[In historical studies,
prosopography is an investigation of the common characteristics of a
historical group, whose individual biographies may be largely
untraceable, by means of a collective study of their lives, in multiple
career-line analysis. The use and development of prosopography,
therefore, is closely connected to the problem of scarcity of historical
data. For more information see the guide at:
http://prosopography.modhist.ox.ac.uk/images/01%20verboven%20pdf.pdf]
John Cunningham remarked that medieval Scottish convents were shrouded
in mystery but had power in “molding the piety of the time [yet were]
too secret in their operation to be traced.” It must be this secrecy
that has kept scholars away from the subject of Scottish convents as to
date, no one has undertaken a complete study to assist in an
appreciation of female monastic establishments and the women who lived
in them. There are many reasons why this may be the case. First, many
monastic historians in general consider female monastic houses to be
unimportant or uninteresting in the overall history of a particular
order or the movement as a whole. Secondly, excuses have been made that
female houses were too poor, had scanty resources, and were “too
different” from their male counterparts to render them important enough
to study.
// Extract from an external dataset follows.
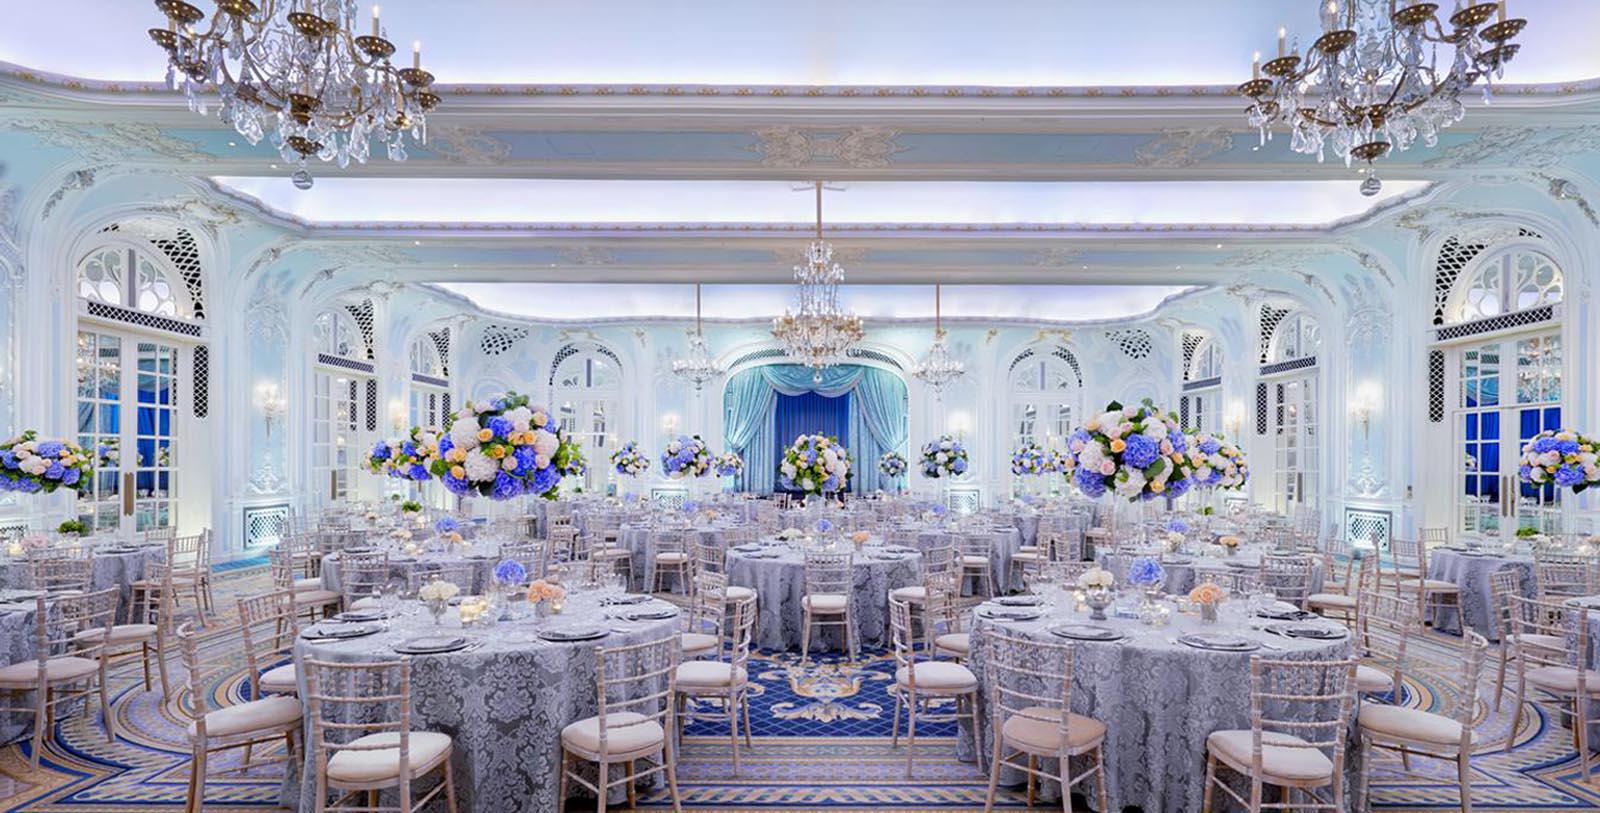 Image of the Lancaster Ballroom at The Savoy London, 1889, Member of Historic Hotels Worldwide, in London, England, United Kingdom, Special Occasions

Faced with these comments from historians it is no wonder that
no study of female monasticism in Scotland has been attempted.
What this paper intends to give is a perspective on how female
monasticism has been studied in the past, how it has changed and evolved
and how it may be possible to study female monasticism in Scotland based
on new methods or approaches. Finally, by using these new methods, I
hope to show that we can leam something about the convents of Scotland,
especially those women who became nuns and the importance these convents
may have had in their community.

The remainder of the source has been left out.